Spencer Millsap/Star photo Kyrsten Howerton, a Bobcat Fanatic, decorates The Quad Wednesday night in preparation for the upcoming home game against South Dakota State University.

Full Throttle ready for the roadway By Miguel Peña Sports Editor NASCAR is coming to Central Texas with the first Allstate Texas Thunder 200 scheduled for Saturday at the Thunder Hill Raceway in Kyle just north of San Marcos. The event is planned to be family friendly as plans for the all day event include three live, musical acts: Patricia Vonne, Valejo and Little Texas. The day’s events also include a visit from the Austin Wranglers, the arena football team and a set up by the Radio Disney Fun Zone. Gates for the function open at 11 a.m. It will offer a variety of special privileges for fans, such as special pit passes for autograph sessions with select race-day drivers and food vendors. Owner of Full Throttle Productions, LP, Aryn White is responsible for attracting and negotiating NASCAR’s arrival in Central Texas going as far back as March of 2004. The Texas-based sports and special event production company provides event project management, event over-

sight, staffing and volunteer services, venue planning and logistic support. “Full Throttle absolutely plans for this to be an annual event,” according to Kateri Gemperle KGR Group. The race is expected to draw attendees from Austin, San Antonio, San Marcos and the surrounding area. The track itself is what is considered a short-track race set for 200 miles starting in at 7:55 p.m. followed by a fire works display after the race. The race is held under the flag of the Grand National Division of cars and are nearly identical to those used in the NASCAR Nextel cup series (110-inch wheelbase) and in the NASCAR Busch Series (105-inch wheelbase). It is the only division that allows the teams to choose from either of the two cars depending on the track. According to the NASCAR Grand National Web site, the cars are powered by a 350 to 358 cubic-inch V8 engines with a maximum compression ratio of 12:1, with a minimum weight of 3,300 pounds without the driver.

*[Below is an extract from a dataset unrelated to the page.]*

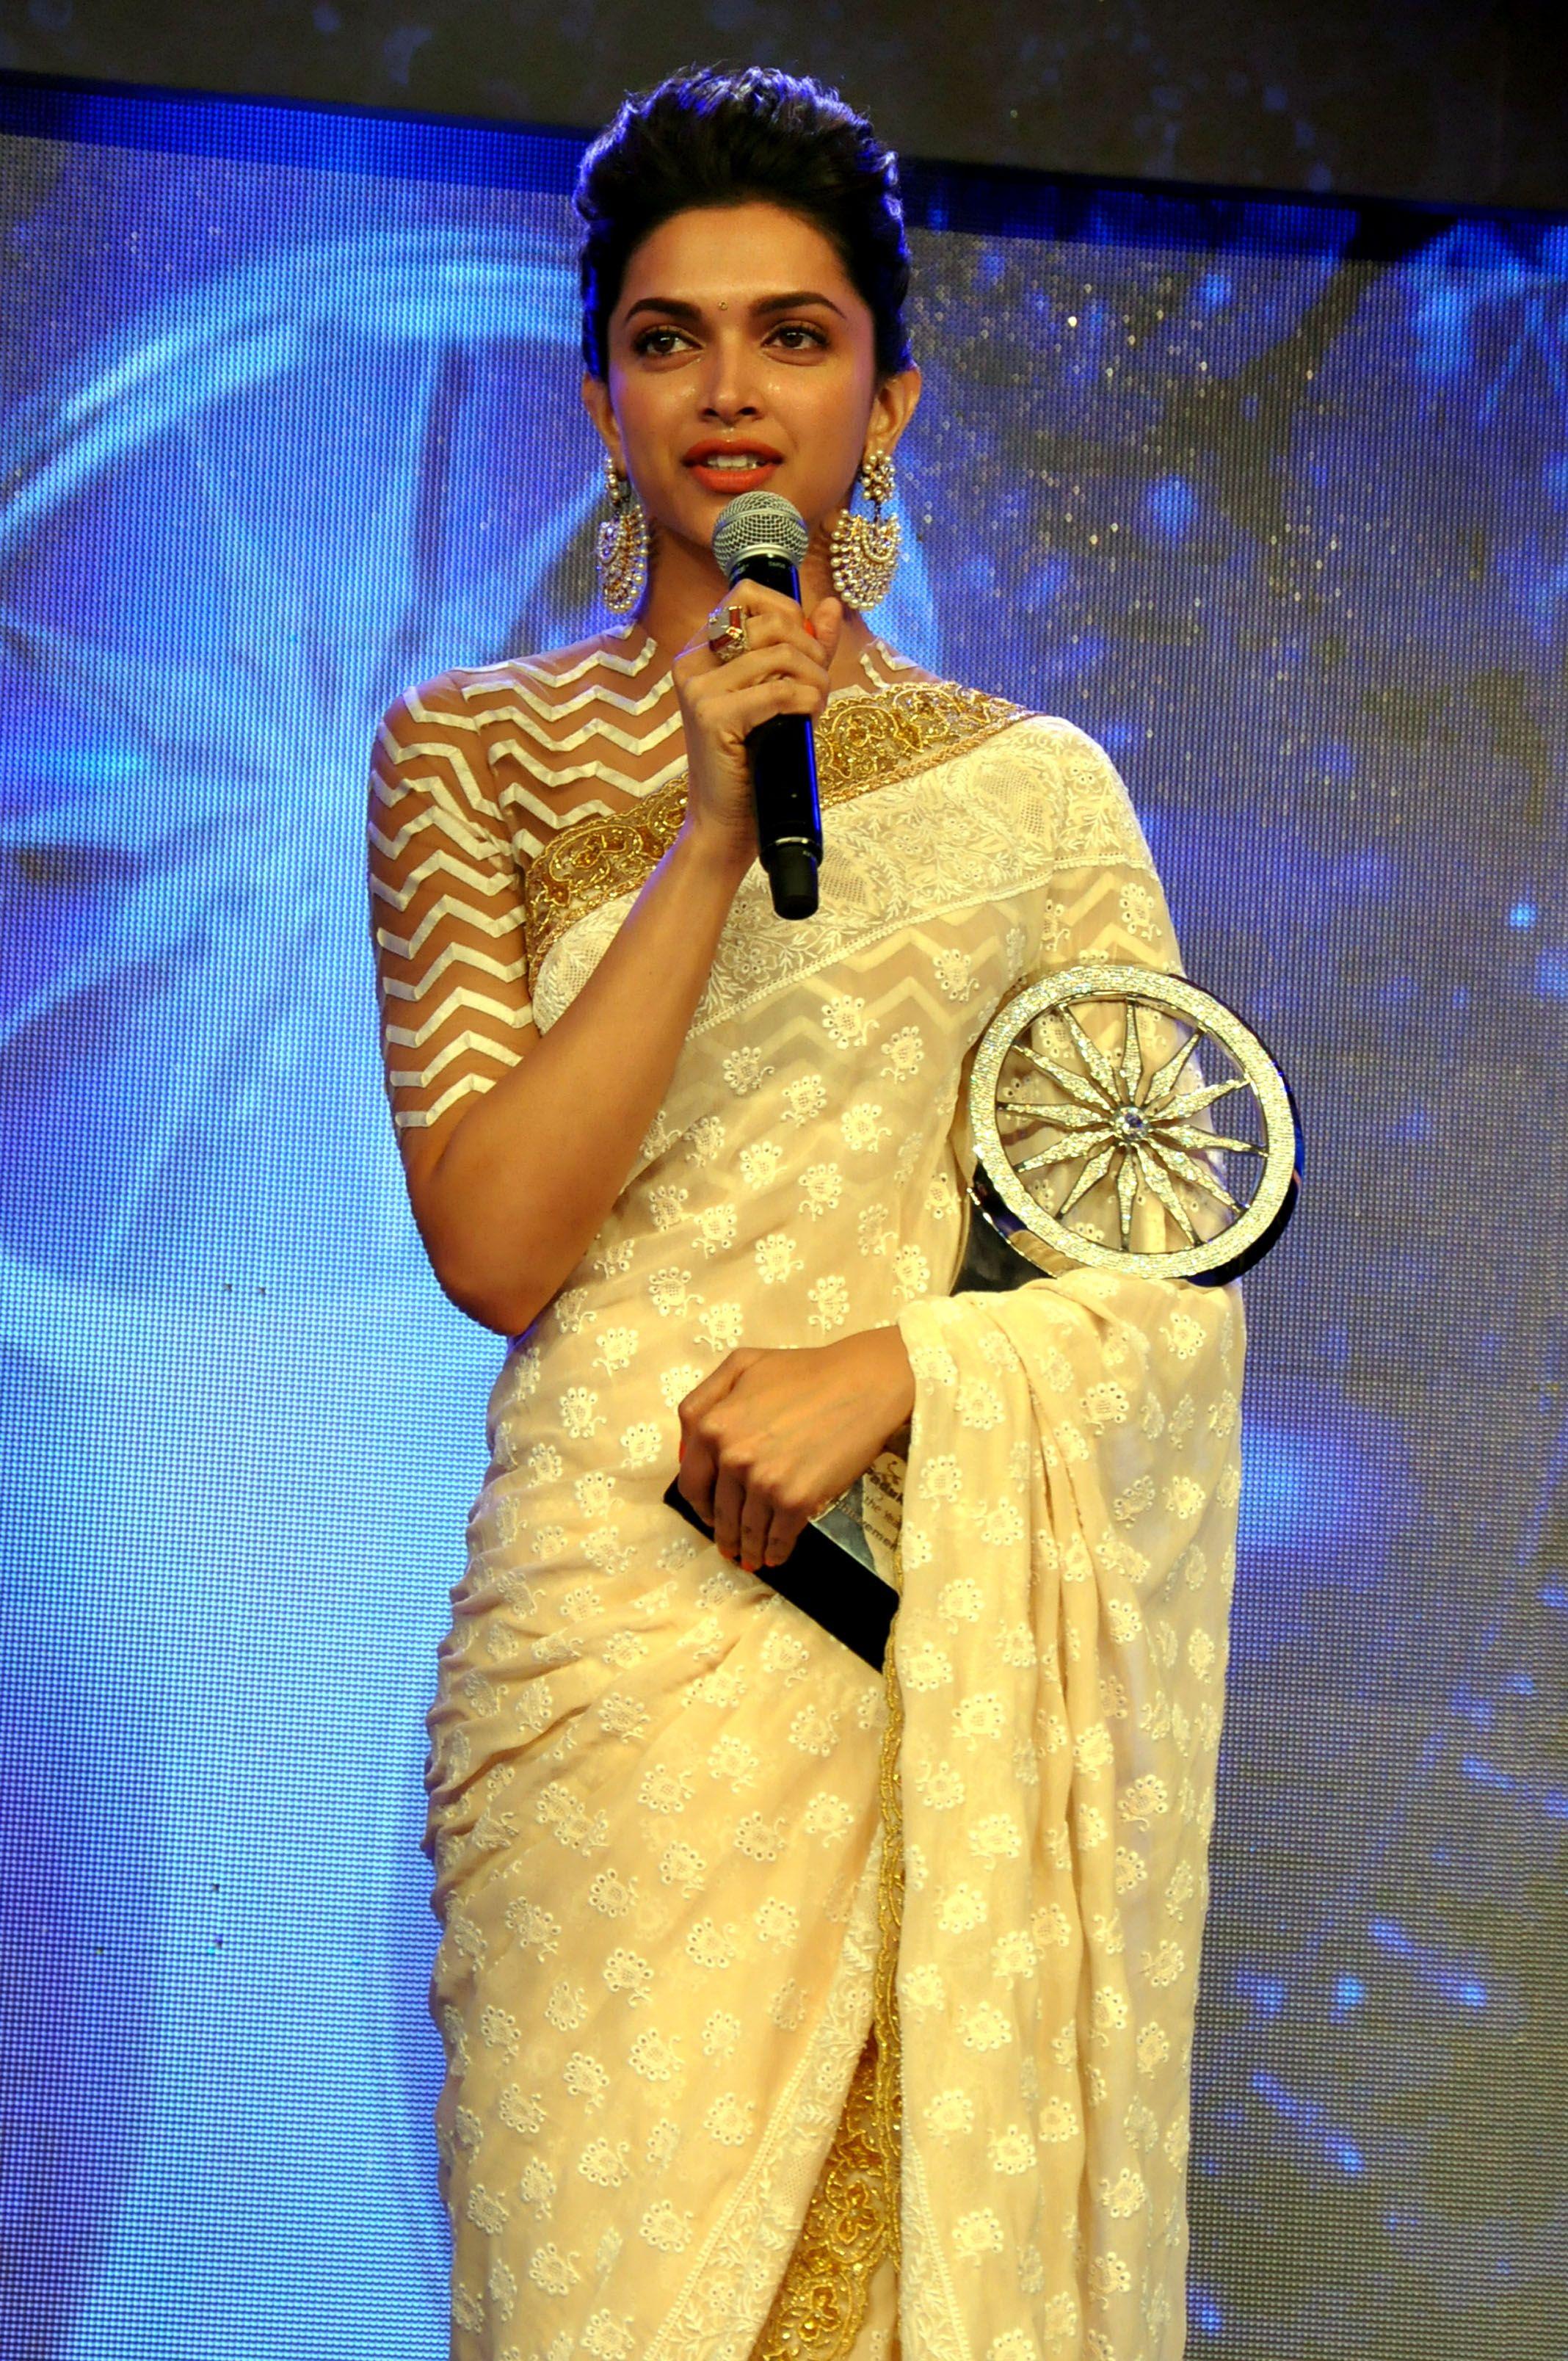 blouse | Deepika padukone saree, Blouse designs, High neck ...

This event is a points race where drivers compete for a chance to progress in the Grand National Series, which is a touring series in the United States. One of the Texas drivers is Austin native Tavo Hellmund who will be driving car 39. For drivers like him, this is a different experience. “Racing in my own backyard has long been a dream of mine as a driver. NASCAR fans and sports enthusiasts of all kinds will really enjoy the thrill of a short track race event. Plus the Texas thunder 200 is a great first-time NASCAR experience for the entire family,” Hellmund said. Allstate is teaming up with a variety of other corporate sponsors including but not limited to Coca-Cola, Anheuser-Busch, General Motors, Time Warner, Central Texas Chevy Dealers, Main Street Homes, Suzuki Motorcycles & ATVs and Verizon Communications. As the first NASCAR event in Central Texas the sponsor Allstate insurance considers the future of Texas NASCAR “In good hands.”